• [DATA BLOCK]
BEGIN

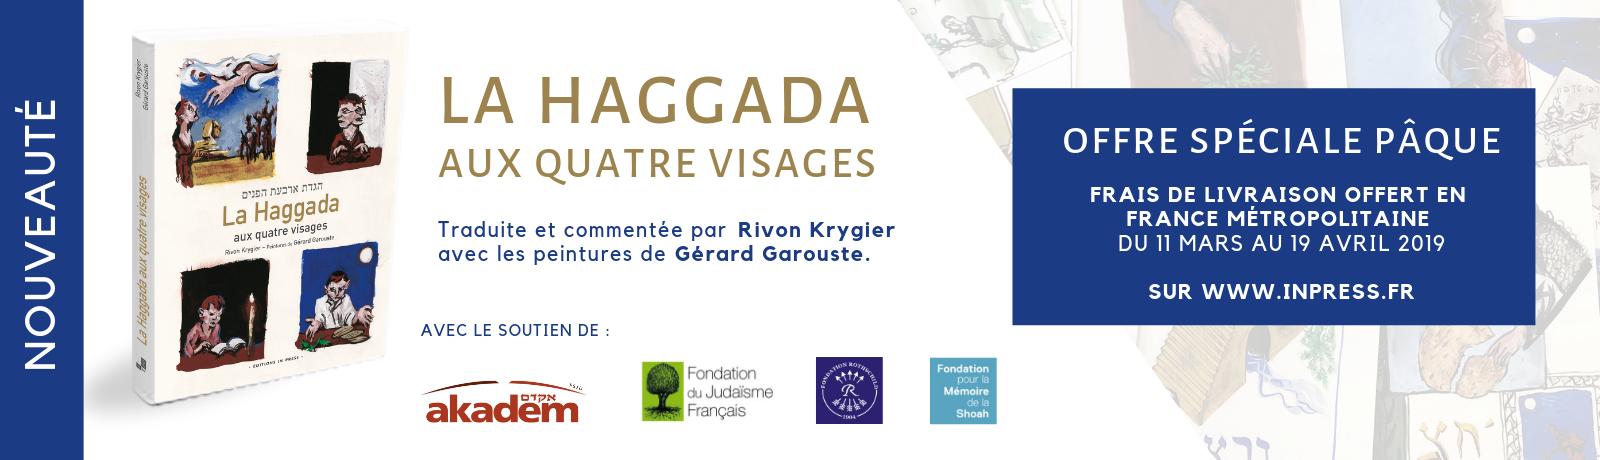 Bannière site Haggada offre Pessah
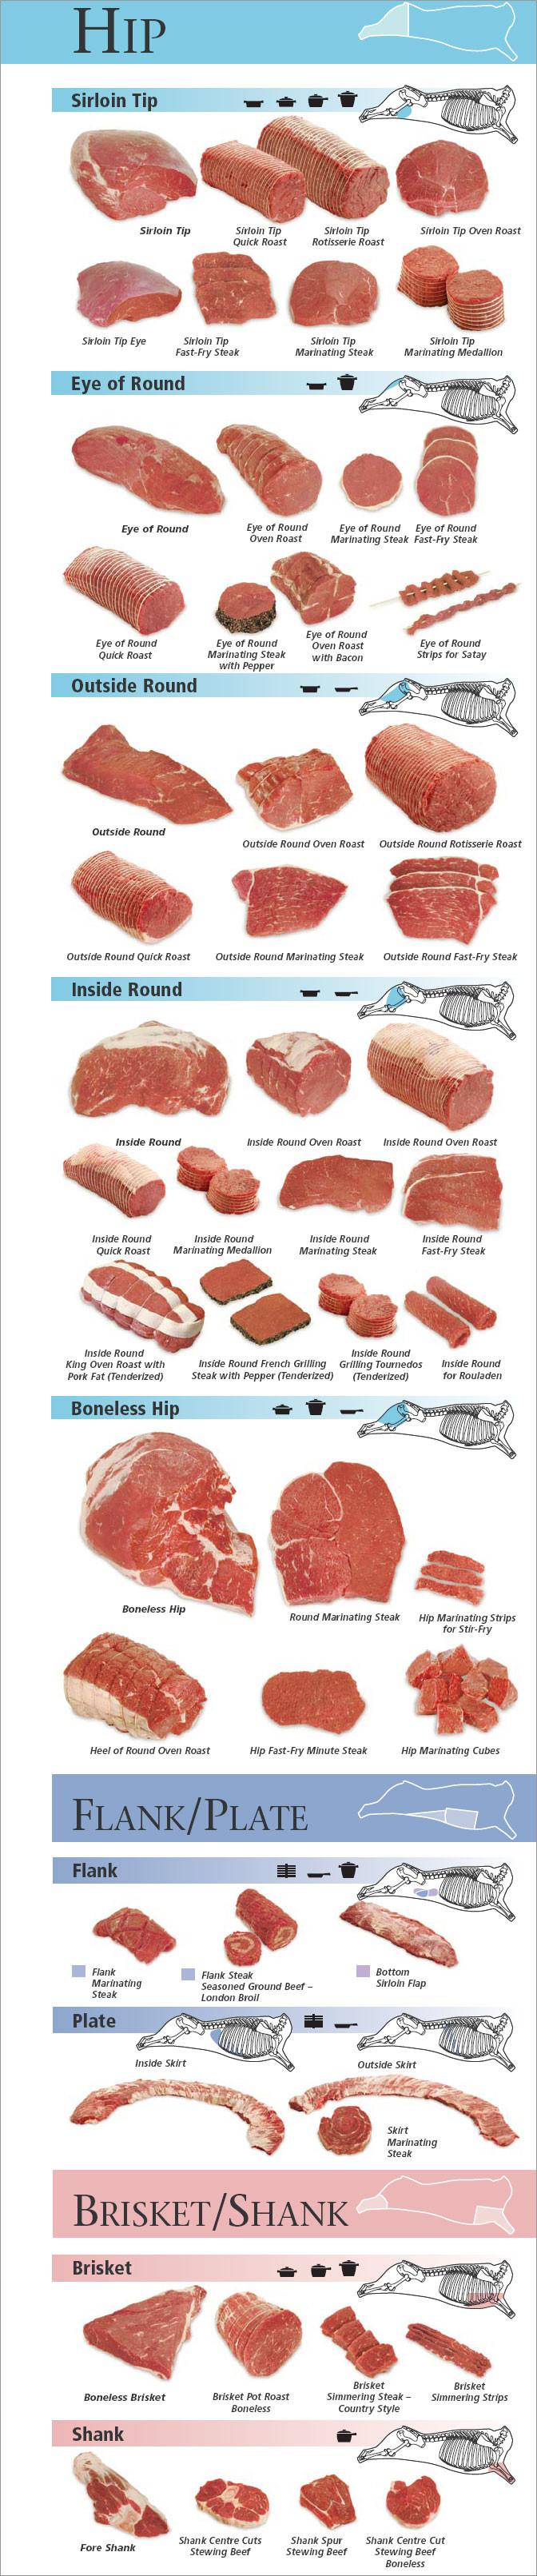 DiPietro's Hip Beef Cuts, Round, Flank,Brisket,Shank
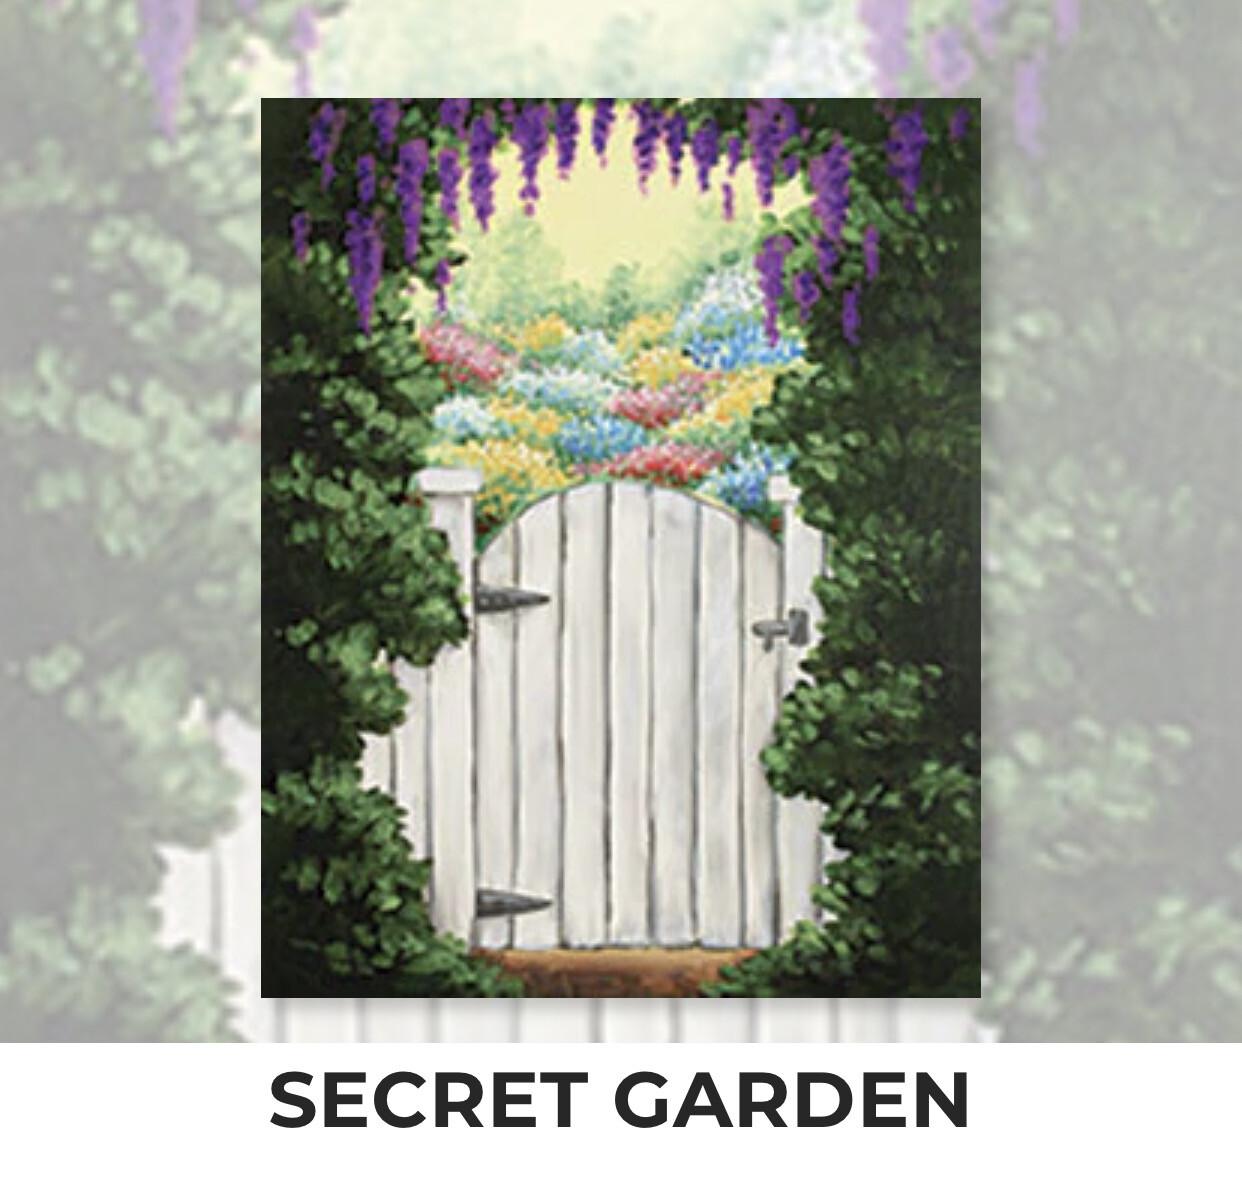 Secret Garden ADULT Acrylic Paint On Canvas DIY Art Kit - 3 Week Special Order
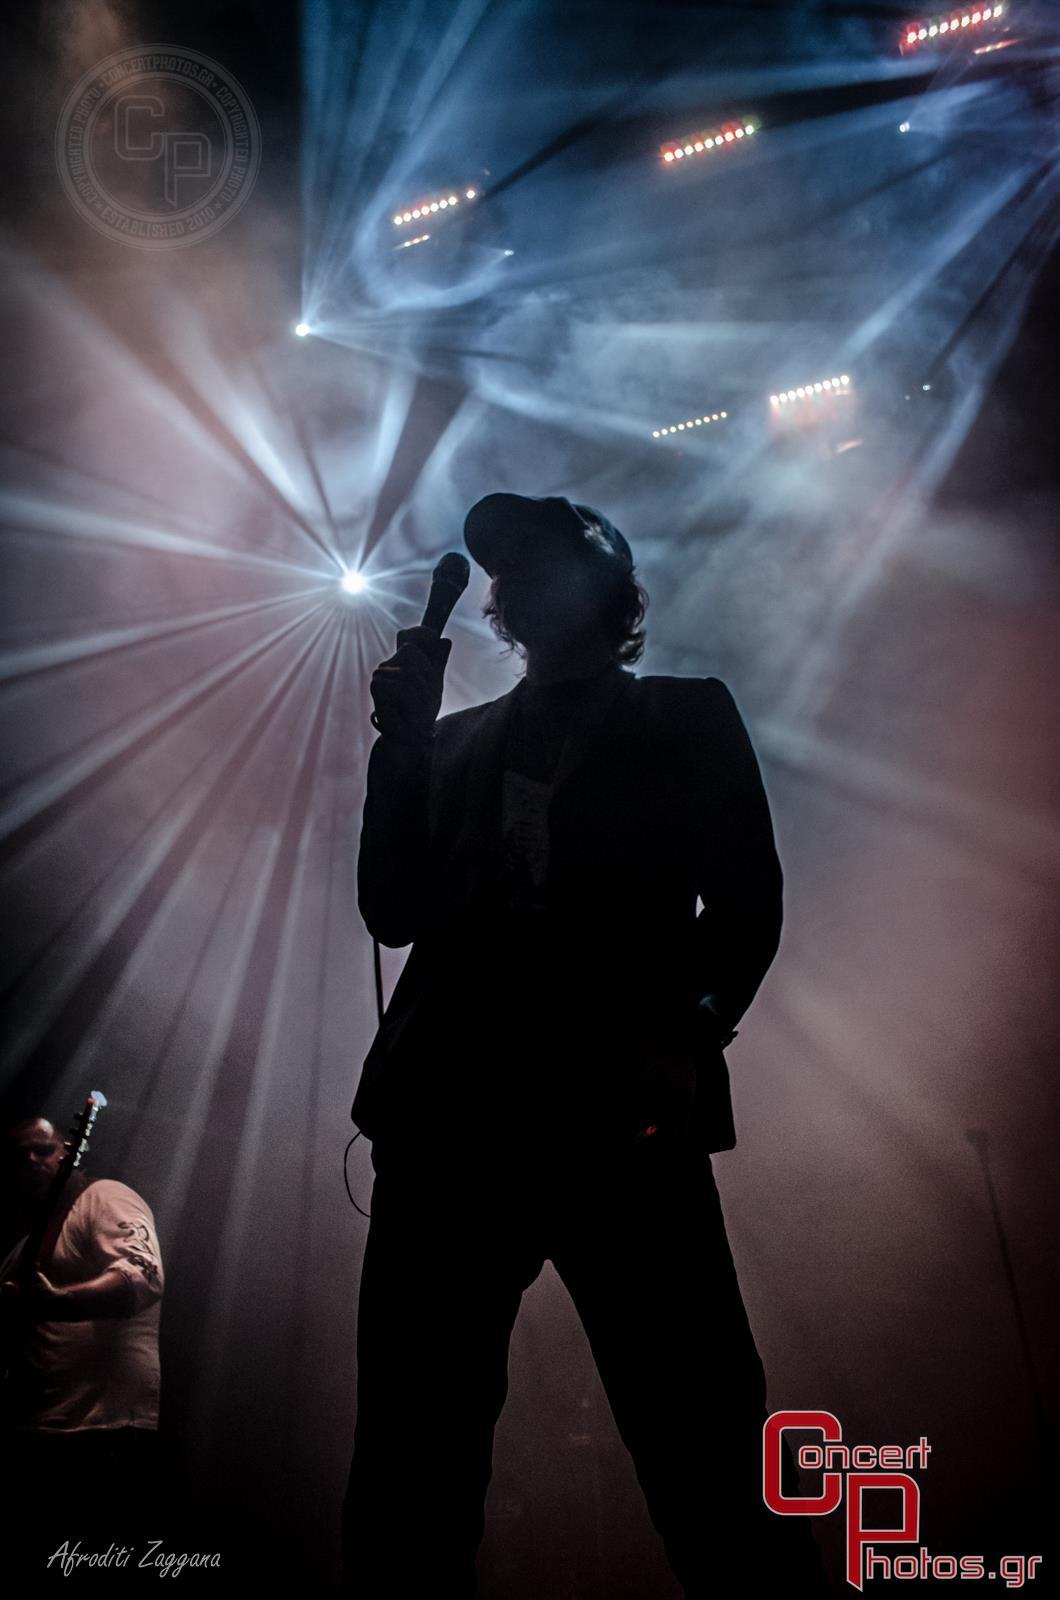 HIM-HIM photographer:  - concertphotos_20140801_21_13_34

END

• [WHAT TO WORK ON]
Everything in the listing above is to be given again exactly, apart from the pictures.

• [ANSWER TO THE PROBLEM]
 Bannière site Haggada offre Pessah
 DiPietro's Hip Beef Cuts, Round, Flank,Brisket,Shank
 Secret Garden ADULT Acrylic Paint On Canvas DIY Art Kit - 3 Week Special Order
 HIM-HIM photographer:  - concertphotos_20140801_21_13_34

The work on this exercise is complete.